High Society: Skiing in Portillo, Chile

High Society: Skiing in Portillo, Chile

Portillo sits in a wonderland of knife-edged peaks and turquoise lakes, where Chile’s Andes Mountains climb 19,000 feet into the sky. Yet despite the stark vistas and the distance from civilization, this mountain outpost breathes elegance and polish, a living tribute to what skiing used to be. And, to the guests who return year after year, what it still is.
By Everett Potter

Swimming above the Lake of the Incas provides an incredibly scenic place to relax after a day on Portillo's slopes

Update: Portillo, located about 100 miles from Santiago, Chile's capital city, escaped the recent earthquake with only minor damage, with the resort's lifts and slopes unharmed. For additional information on the quake's effects and how to make relief donations, go here.   

Way up in the Chilean Andes, Henry Purcell watches the U.S. Men’s Ski Team running gates on the treeless slopes of Portillo and wistfully recalls first coming here in 1961.

“I needed a map to find Chile,” says the 74-year-old Purcell, whose rugged face mirrors the granite spires that dot the Andean terrain. “Like most Americans of that time, I had no concept of geography. Portillo was a six-hour train ride from Santiago, with no road access and no communications.
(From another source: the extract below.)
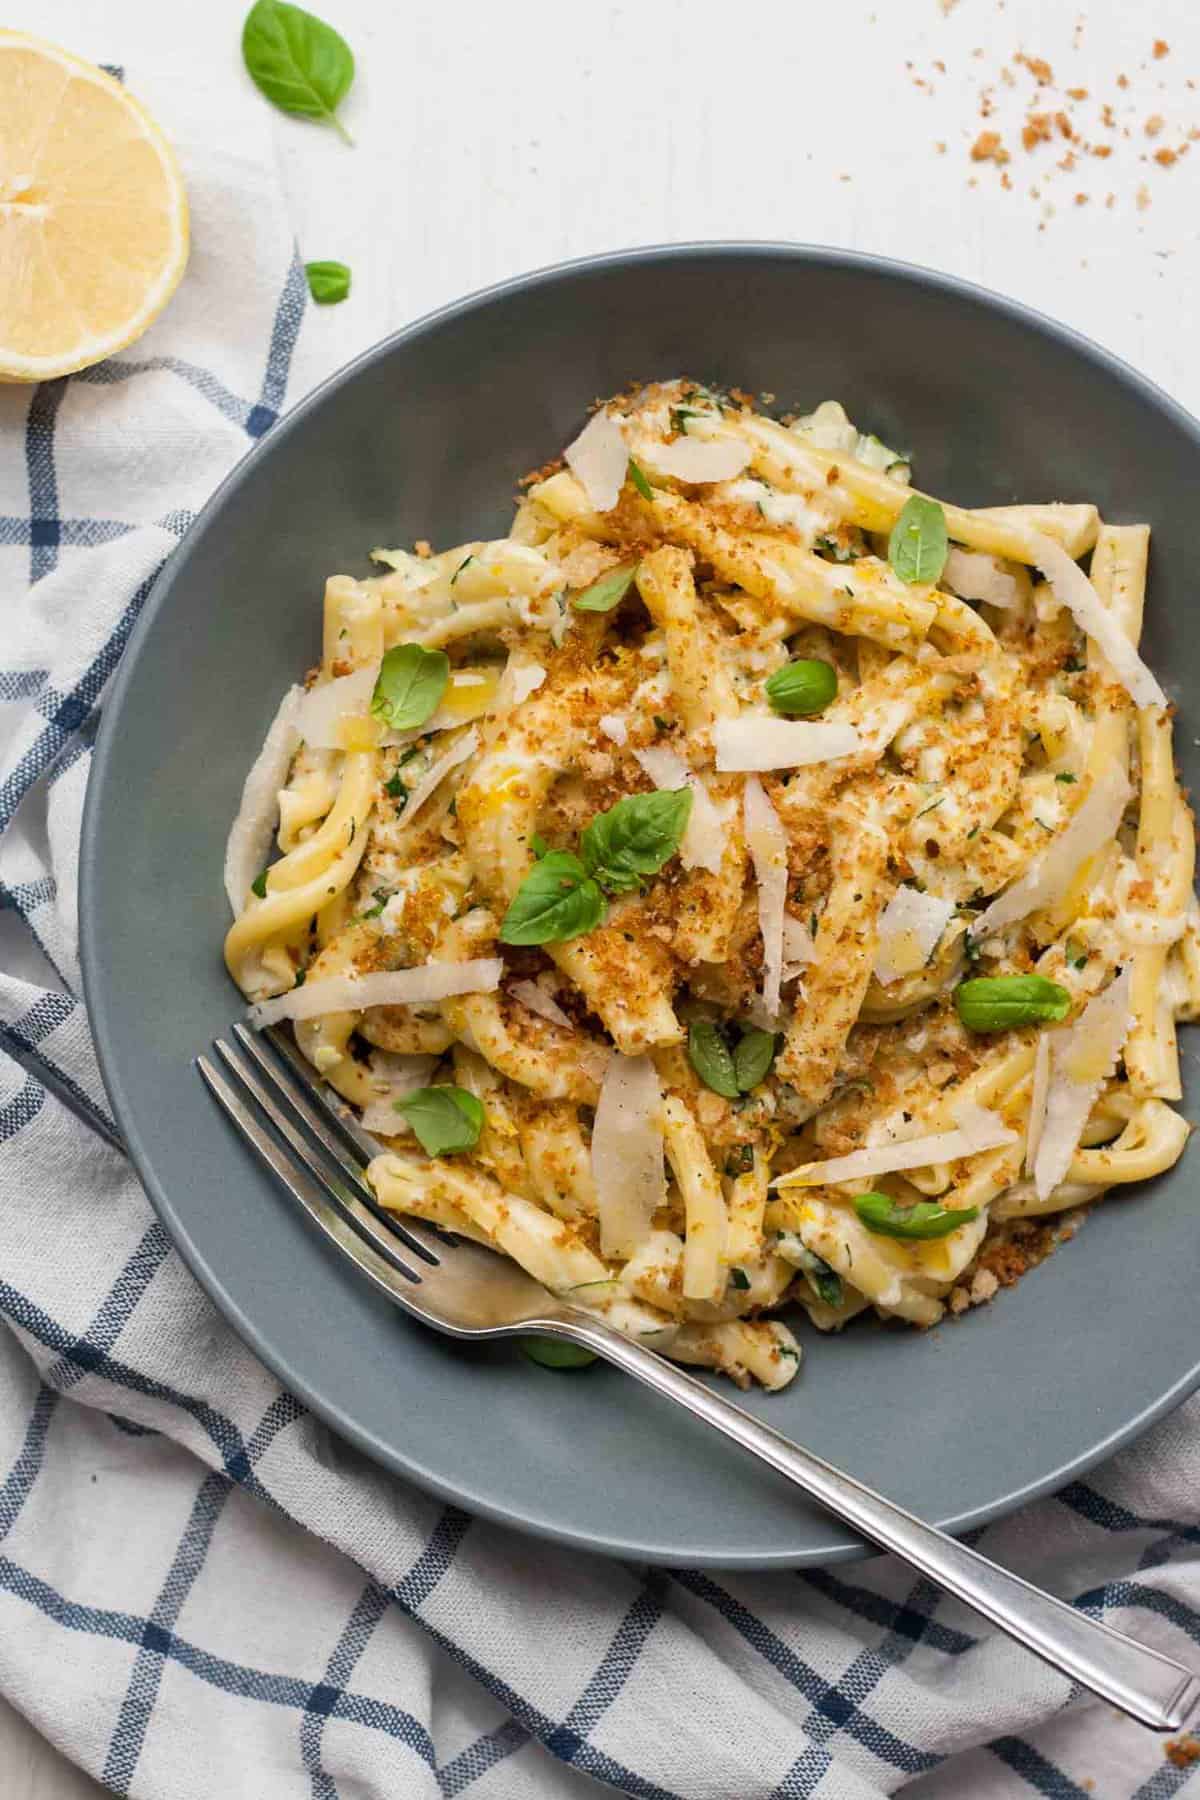 Simple Lemon Basil and Courgette Pasta - this super quick-to-make courgette/zucchini pasta dish is fresh, vibrant and comforting | eatloveeats.com

My uncle, Bob Purcell, and his business partner, Dick Aldrich, had put in a low bid when Portillo was auctioned off by the Chilean government. It turned out to be the only bid.”

They hired Purcell, a recent graduate of the Cornell School of Hotel Administration, to run South America’s oldest ski resort. In the near half-century since then, Purcell has built it into a legendary destination. He bought out his uncle and partner years ago, but he seems more like a flinty gentleman farmer from upstate New York than a typical CEO. A taciturn Yankee capable of fixing machinery in the morning and speaking knowledgeably about the merits of Chilean wine that evening, Purcell regularly charms his guests—a cast of international characters that might include an Argentinean doctor, the former Chilean Ambassador to the United Nations, supermodel Bridget Hall or the hundreds of Brazilian, Argentinean, Peruvian and American families who have visited Portillo dozens of times.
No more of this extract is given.